**EXERCISE INSTRUCTIONS:**
Set out exactly, and only, the lines running from the one containing "Fritz 9 lights" to the bottom of the listing below; pictures stay out.

**INFORMATION SHOWN:**
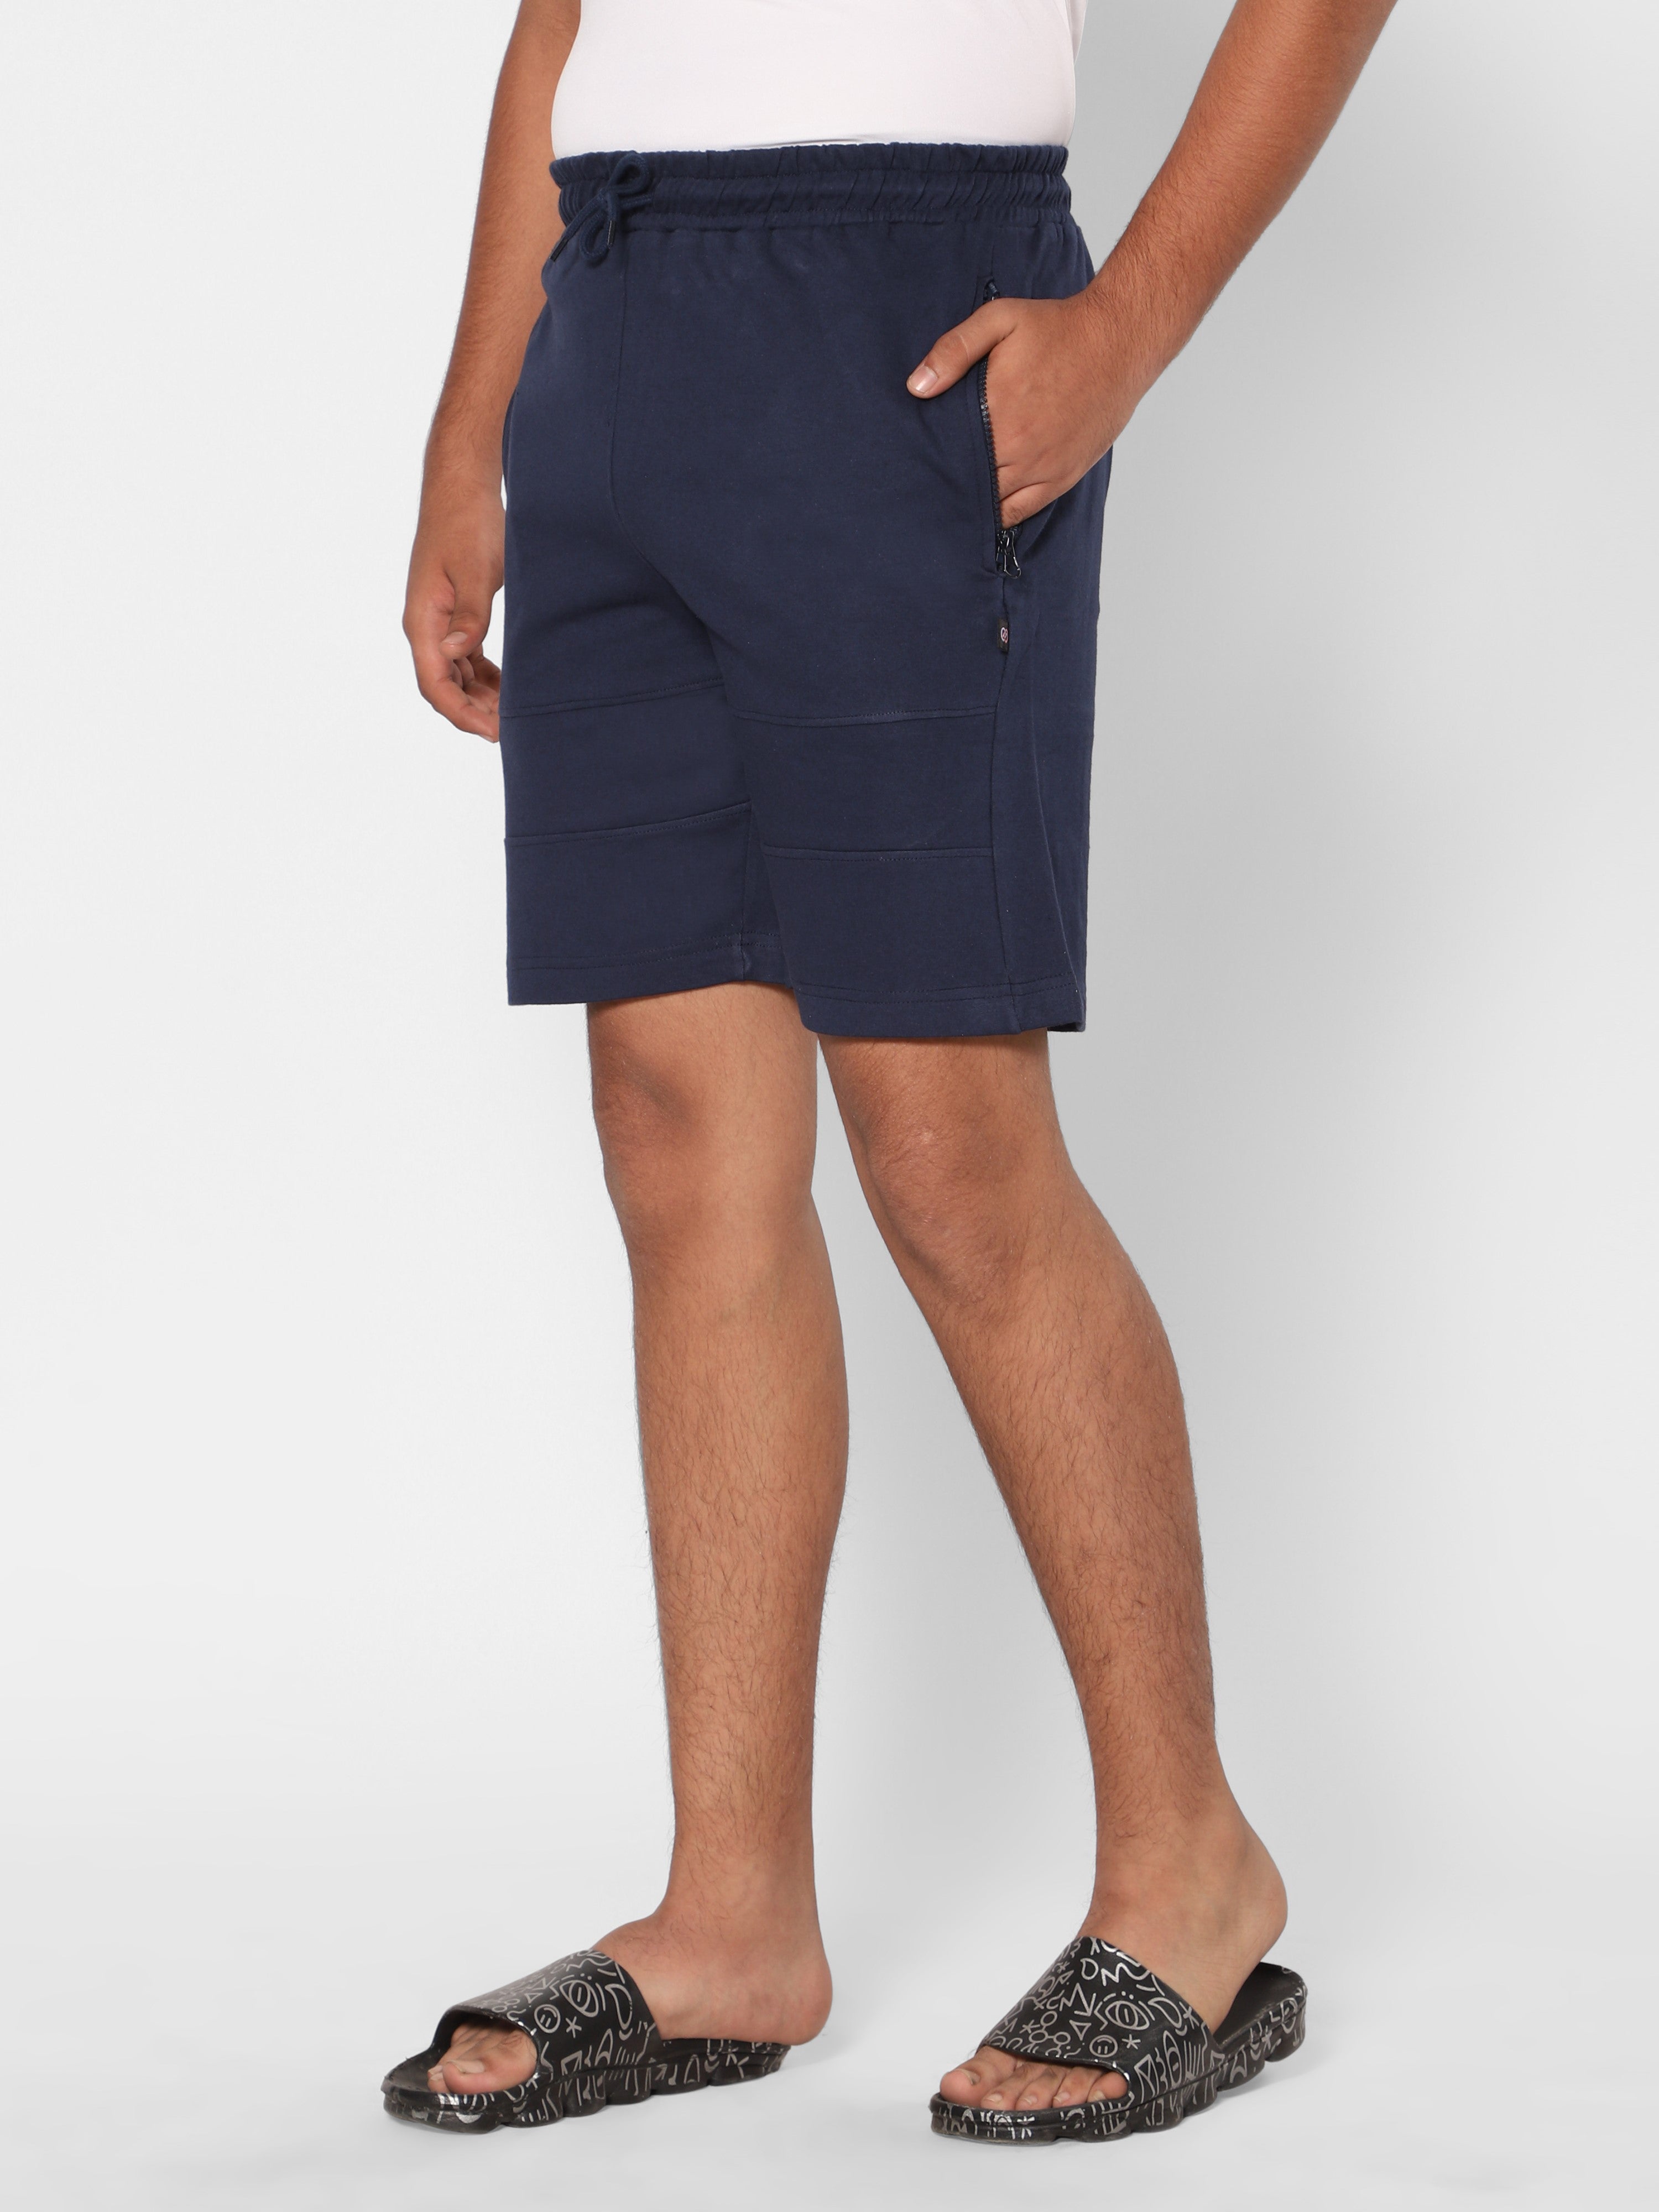 TeenTrums Boys Knitted Shorts - Navy Blue
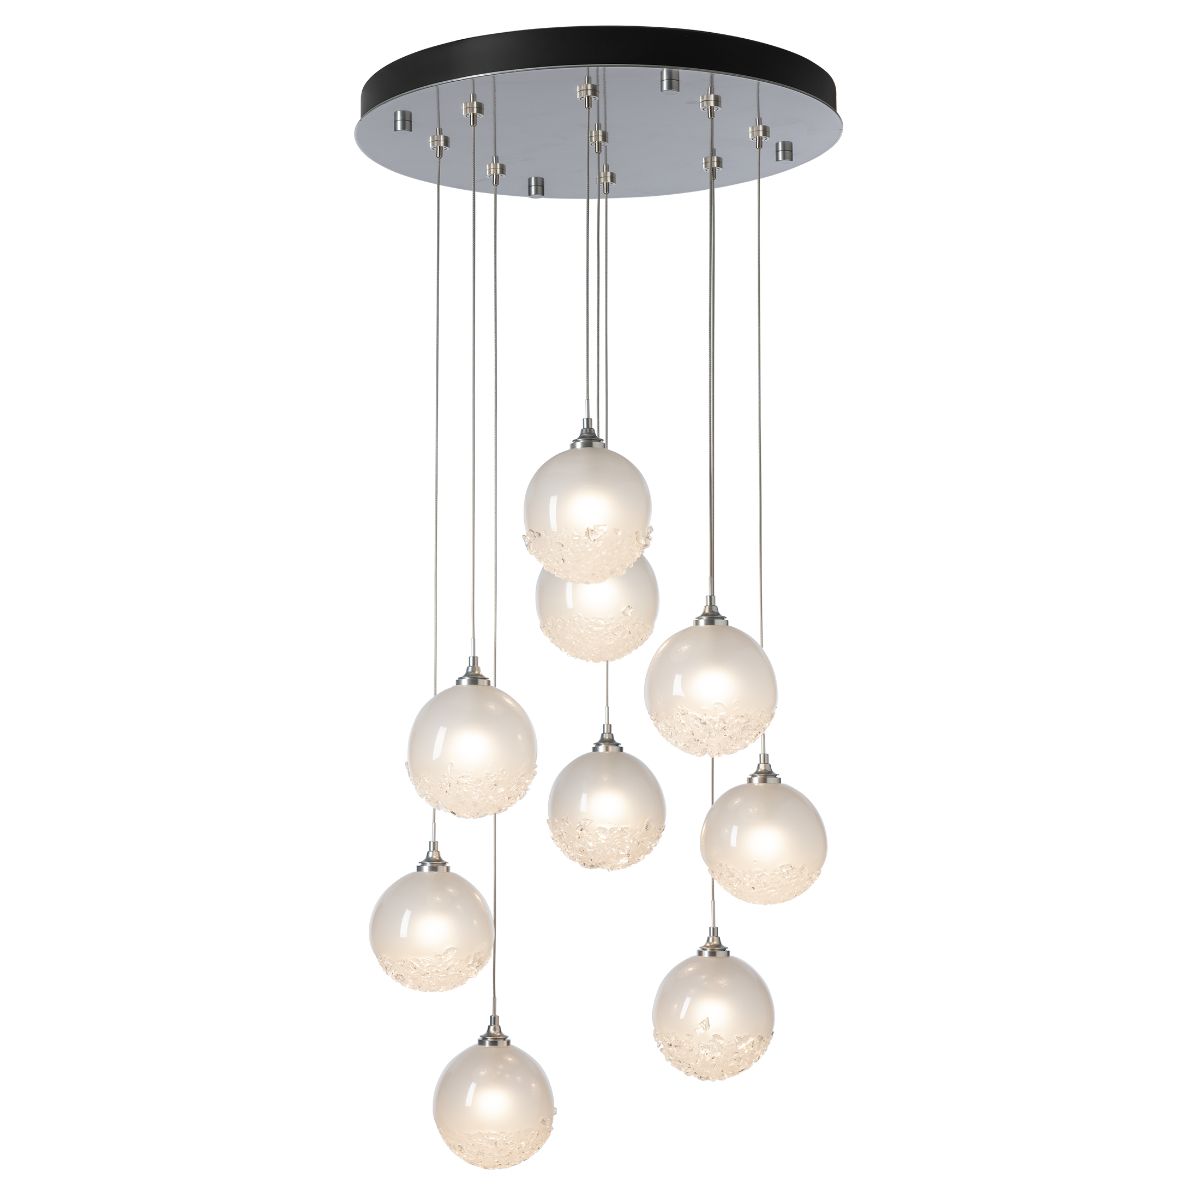 Fritz 9 lights Pendant Light with Long Height - Bees Lighting
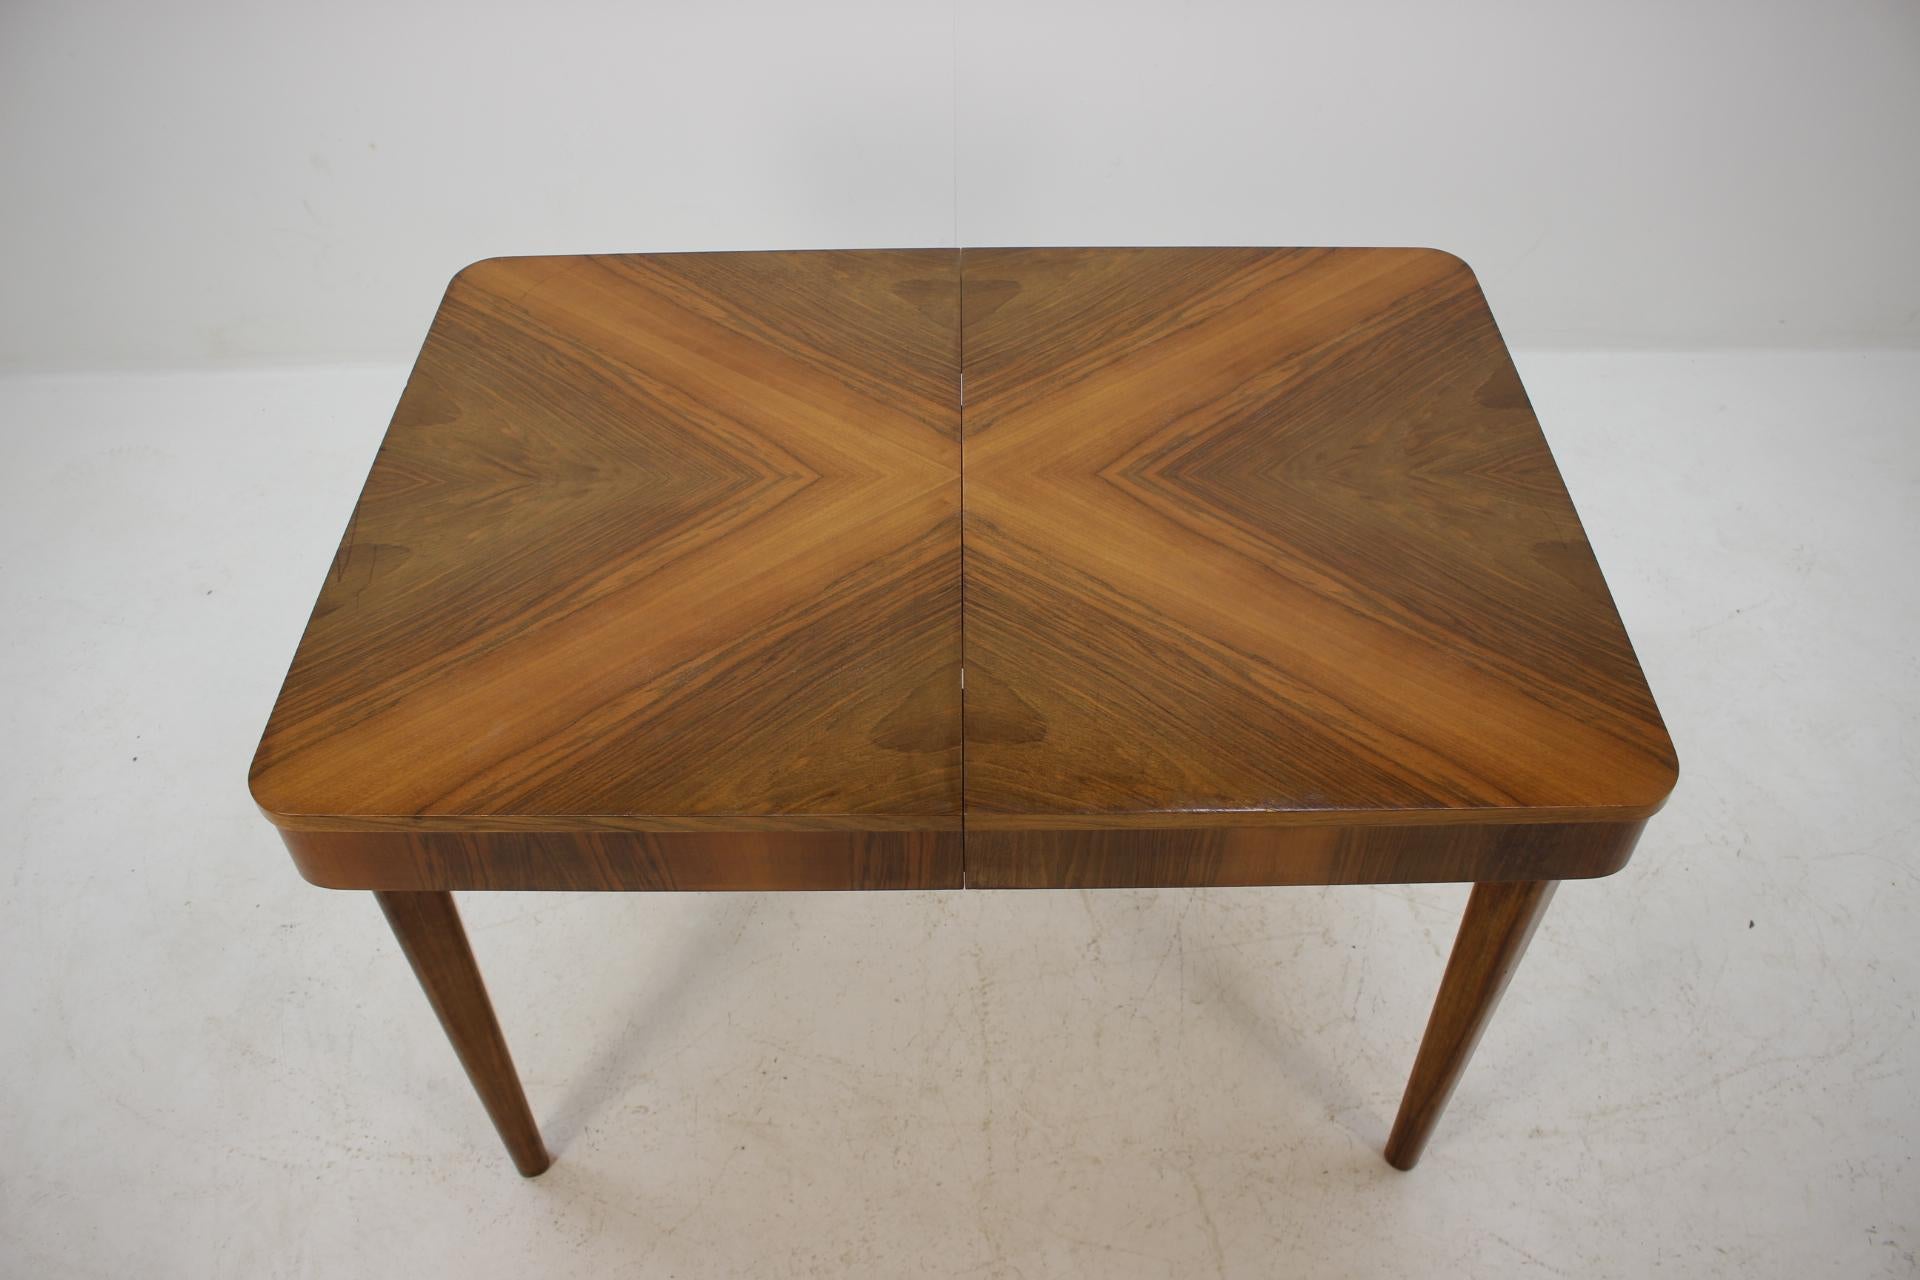 Very good original condition with some sign of use. Original fabric upholstery. Extendable dining table with some scrathes in the lacquer layer. Walnut veneer. The table dimensions are: H: 76 cm W: 120 - 190 cm D: 85 cm

**EXPECTED OUTPUT:**
 Fritz 9 lights Pendant Light with Long Height - Bees Lighting
 Very good original condition with some sign of use. Original fabric upholstery. Extendable dining table with some scrathes in the lacquer layer. Walnut veneer. The table dimensions are: H: 76 cm W: 120 - 190 cm D: 85 cm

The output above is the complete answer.